Task -
Nothing in the listing should be altered when it is copied, and no picture goes into the copy.

Data block -
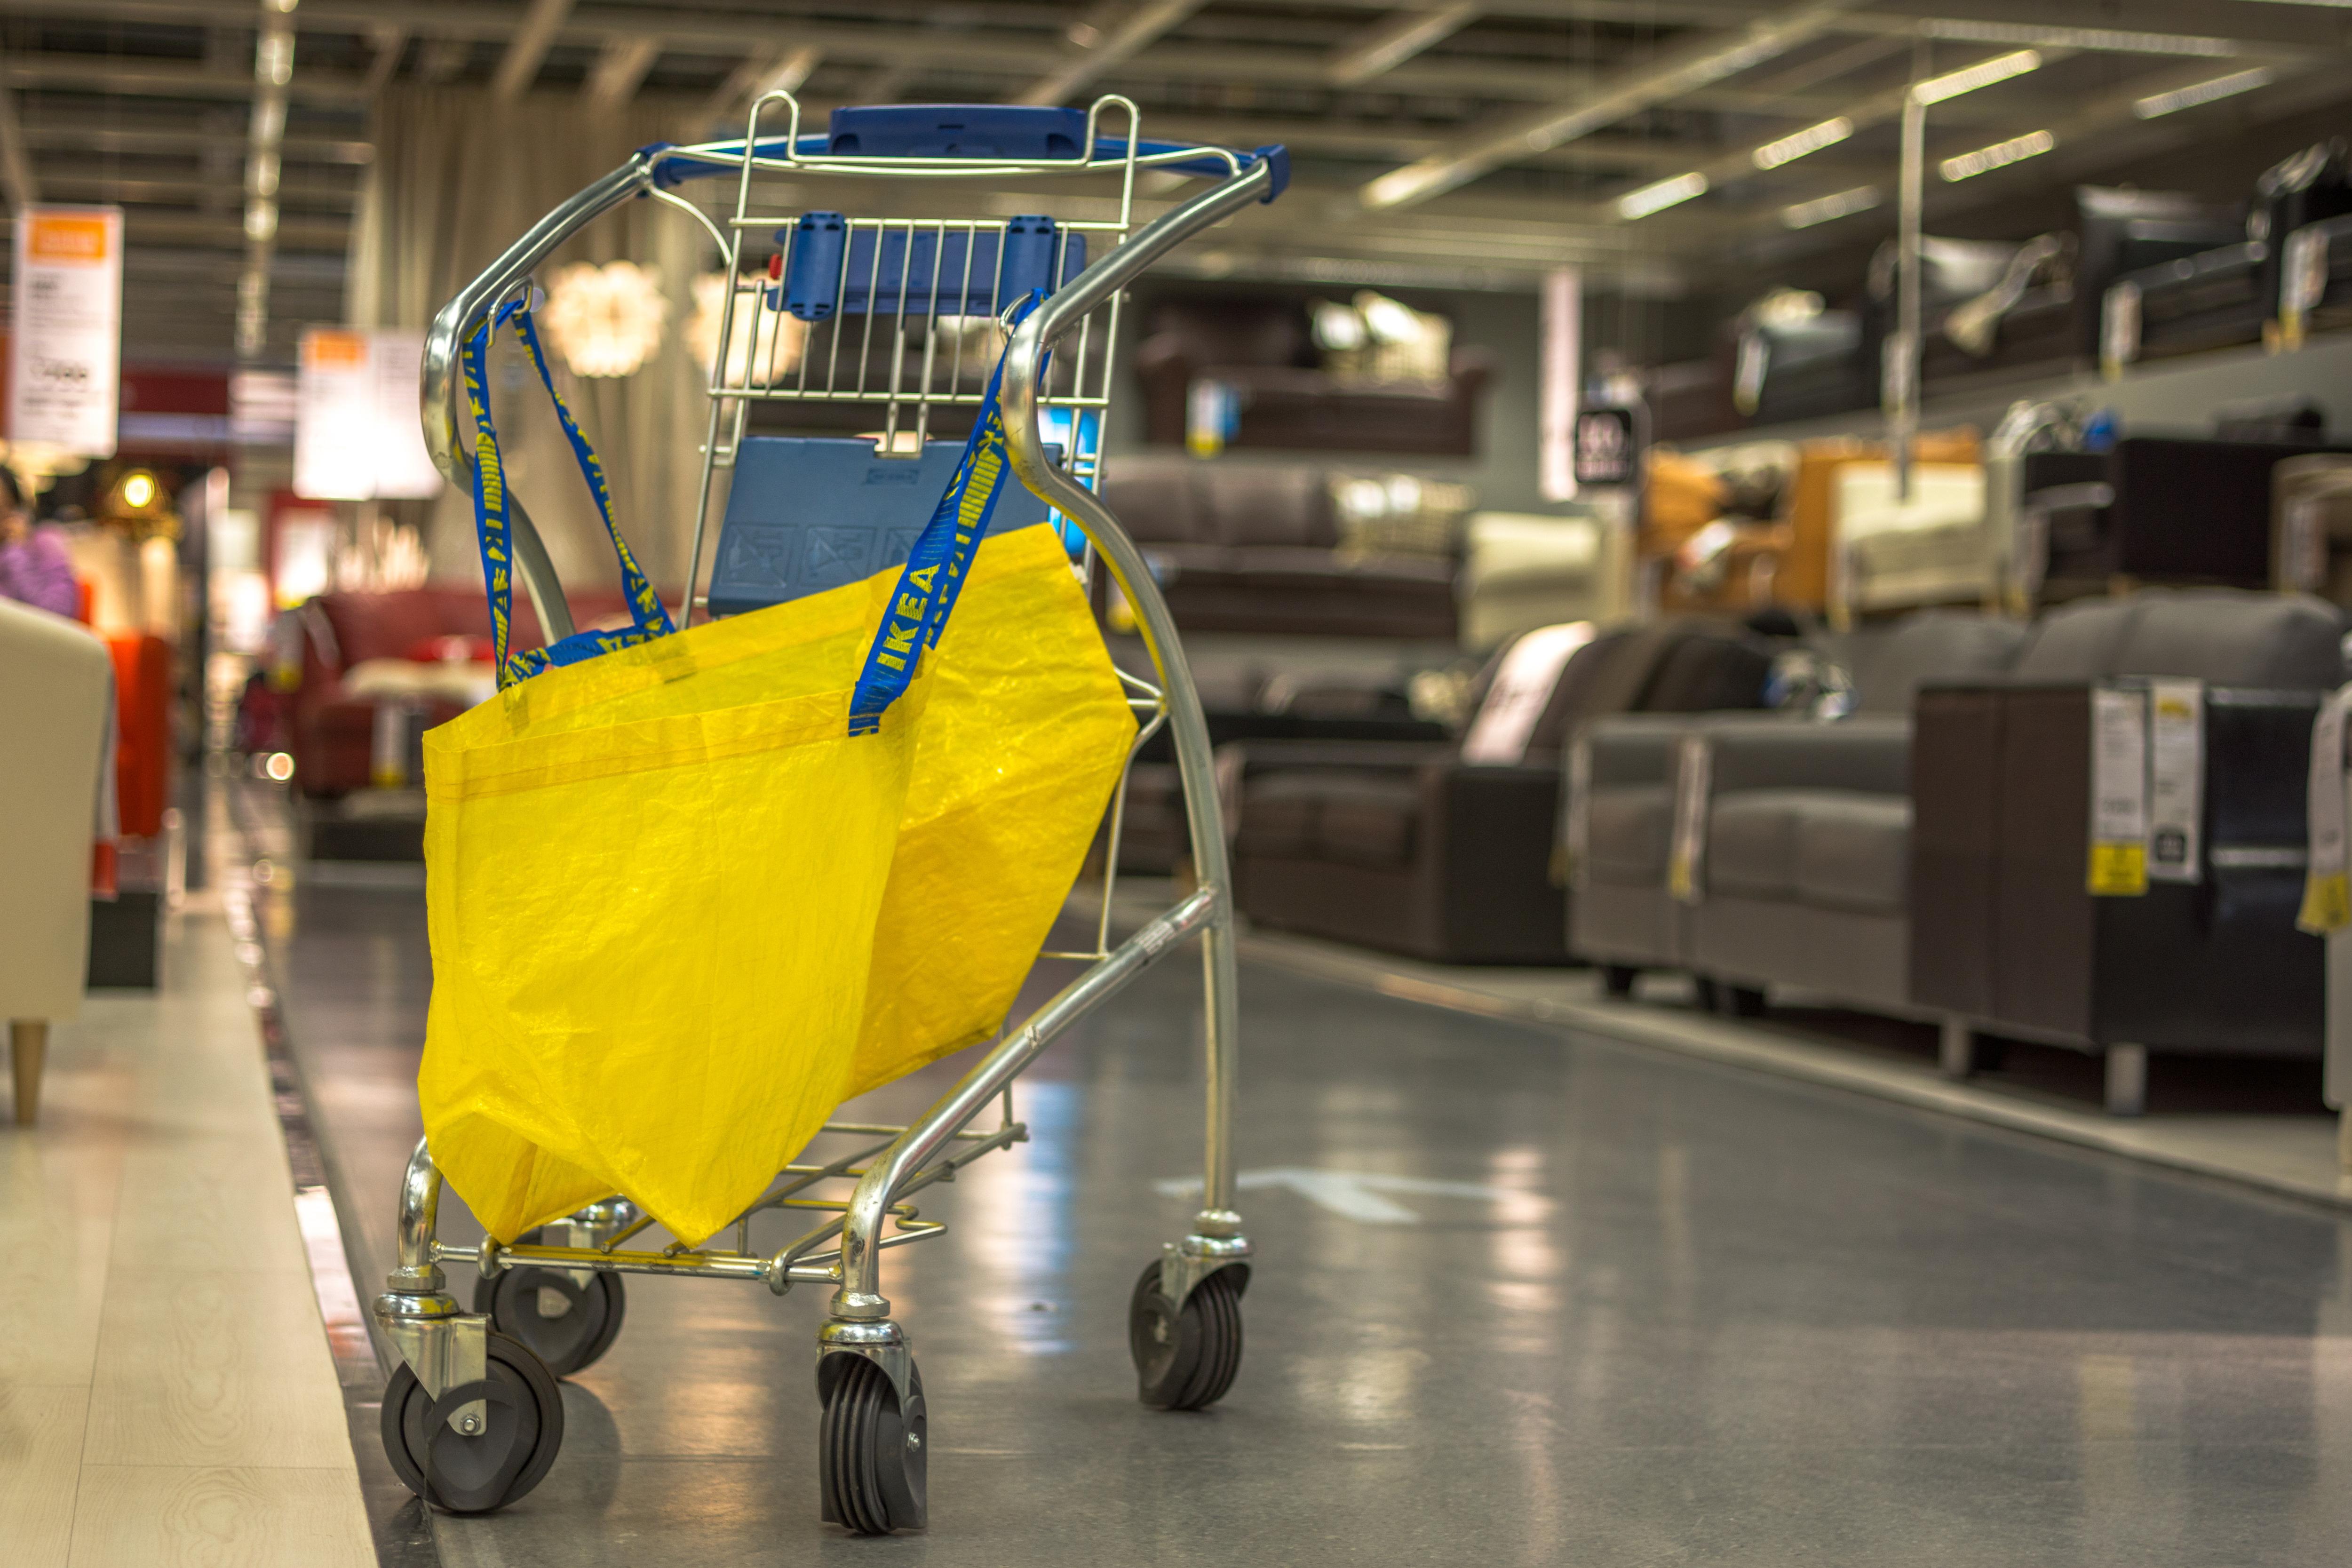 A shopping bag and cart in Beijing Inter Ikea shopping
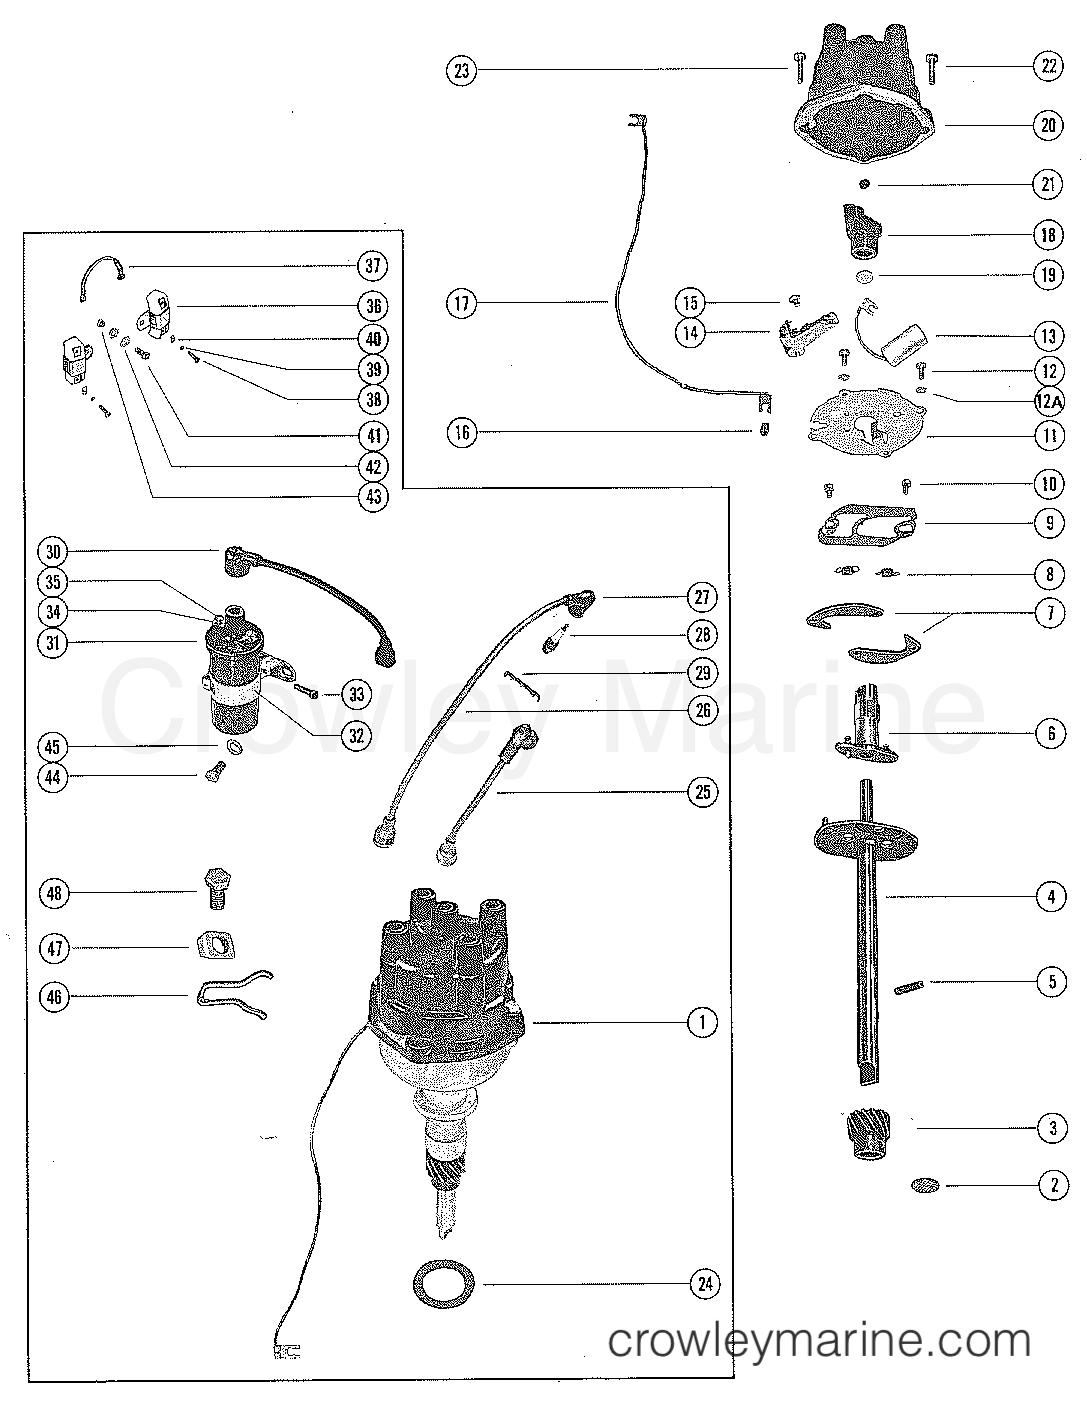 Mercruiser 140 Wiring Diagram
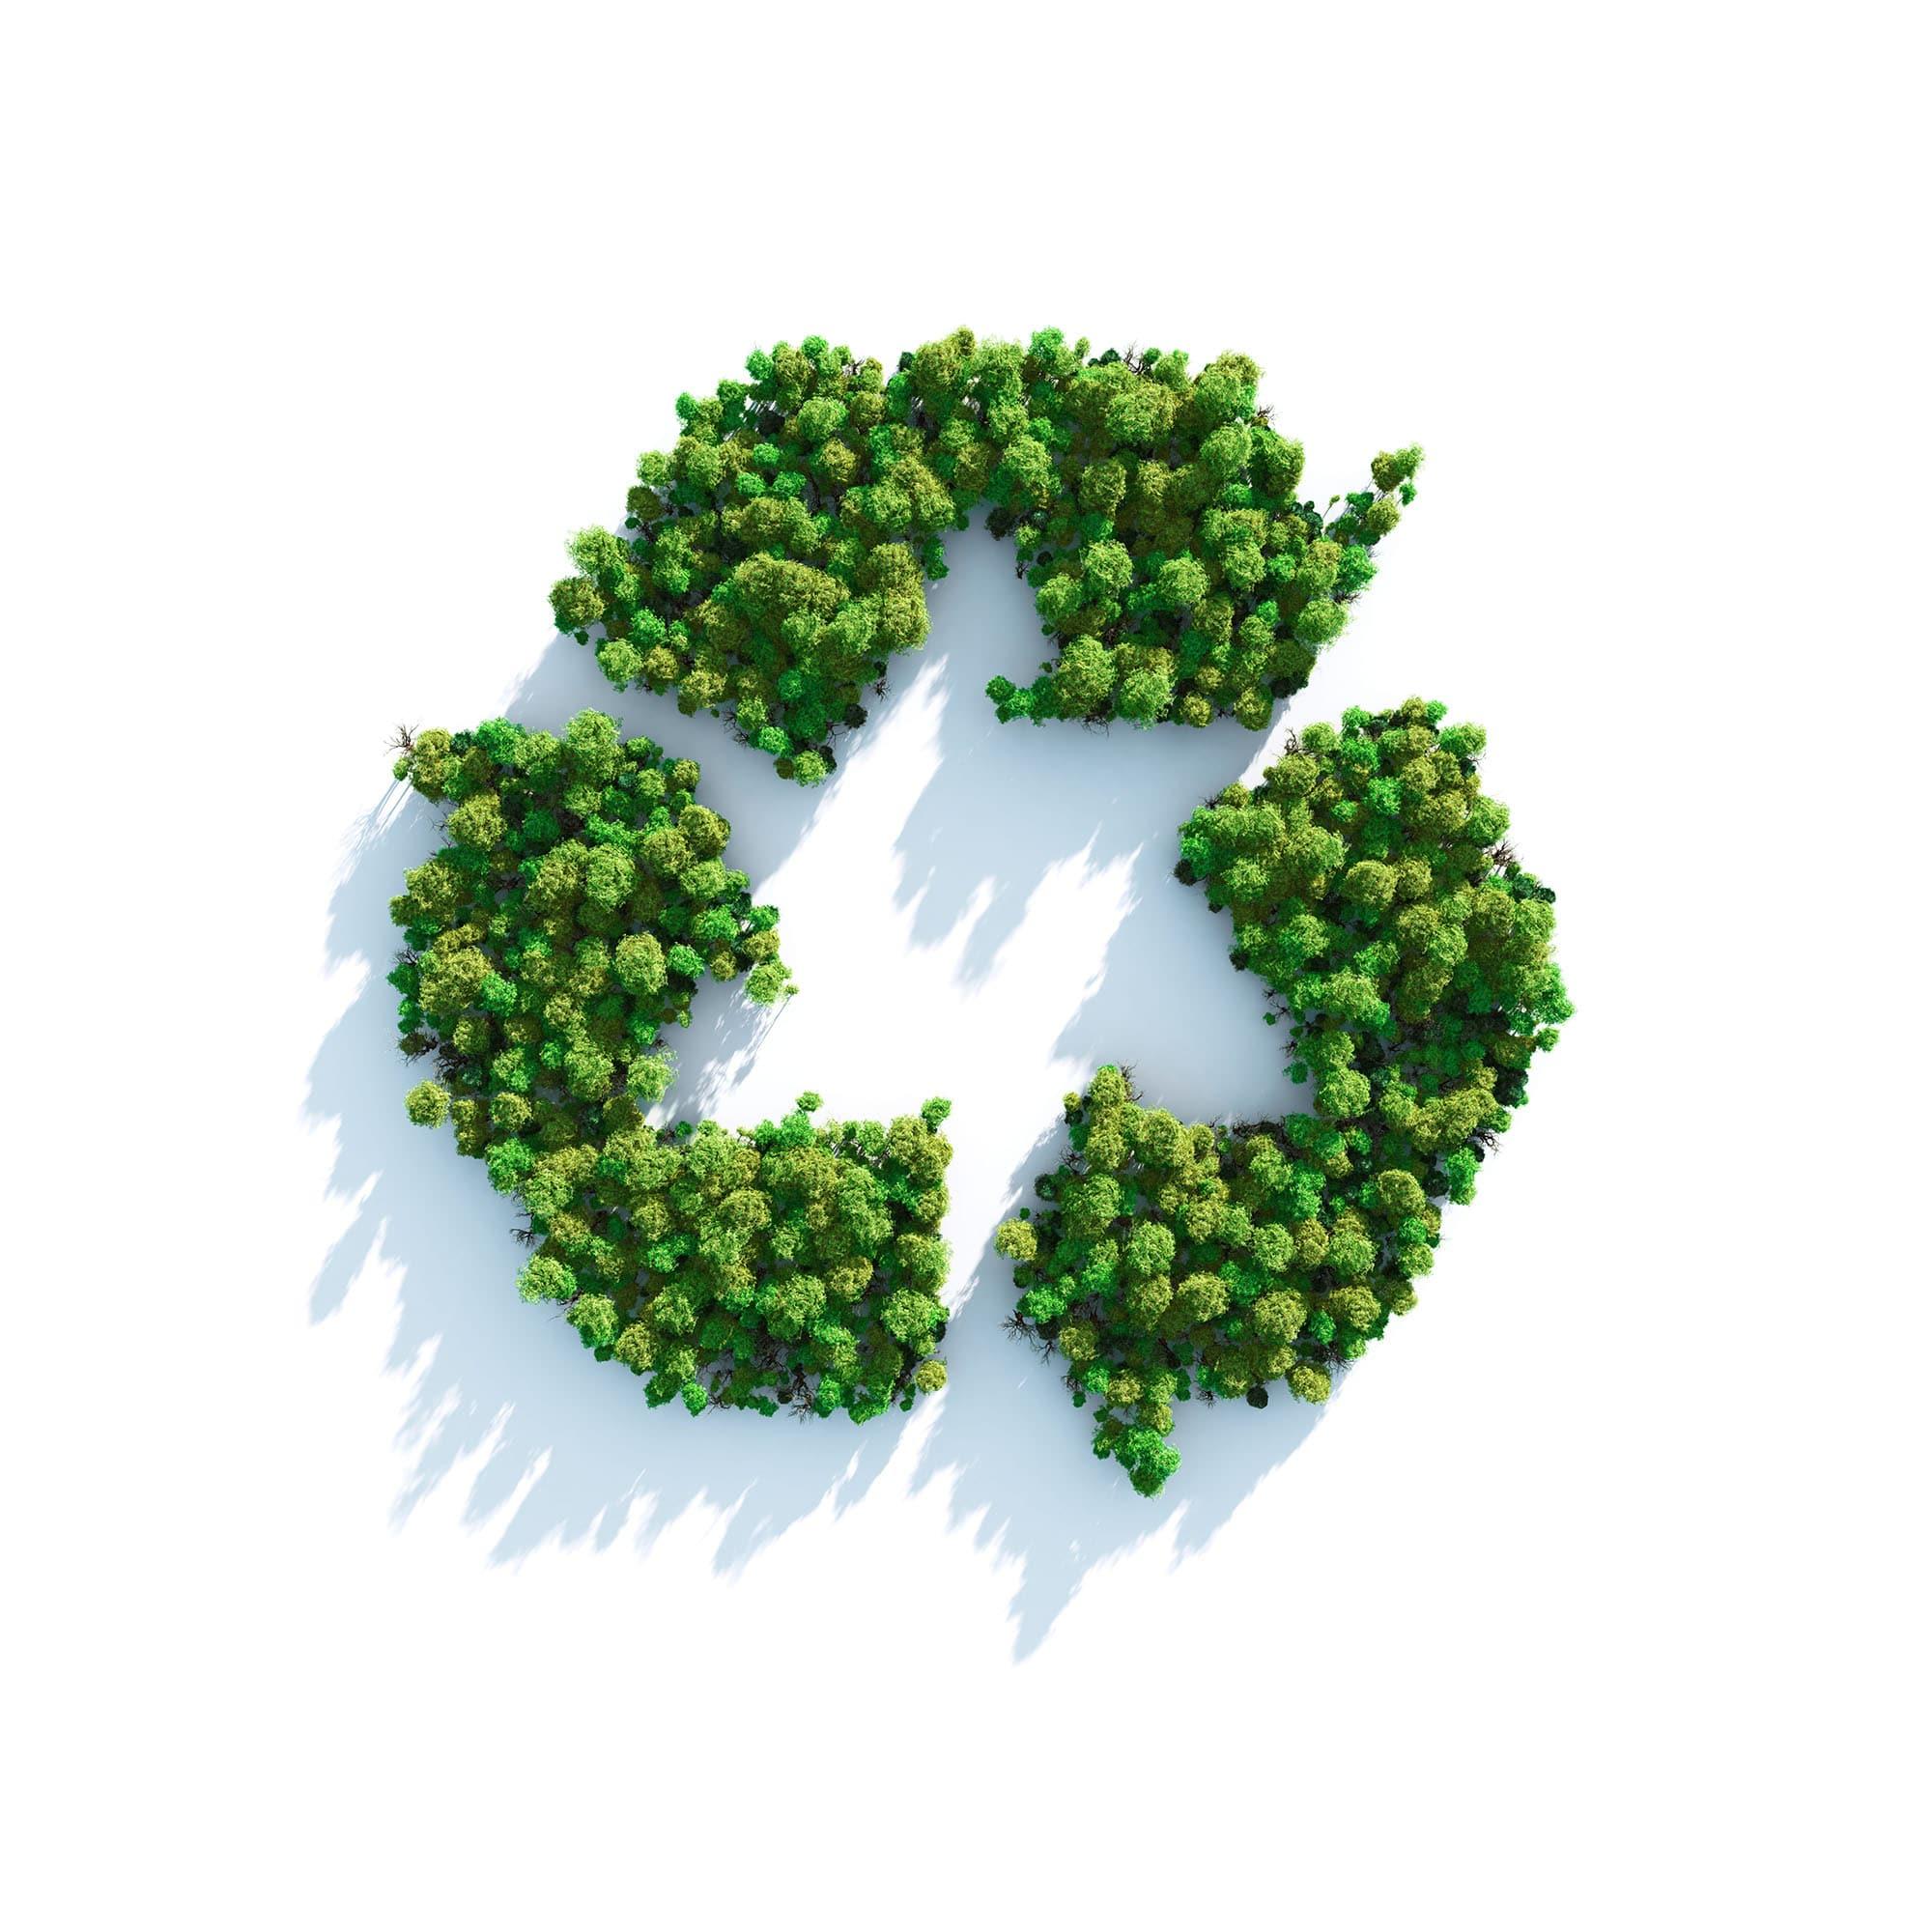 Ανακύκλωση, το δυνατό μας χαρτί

Result below -
 A shopping bag and cart in Beijing Inter Ikea shopping
 Mercruiser 140 Wiring Diagram
 Ανακύκλωση, το δυνατό μας χαρτί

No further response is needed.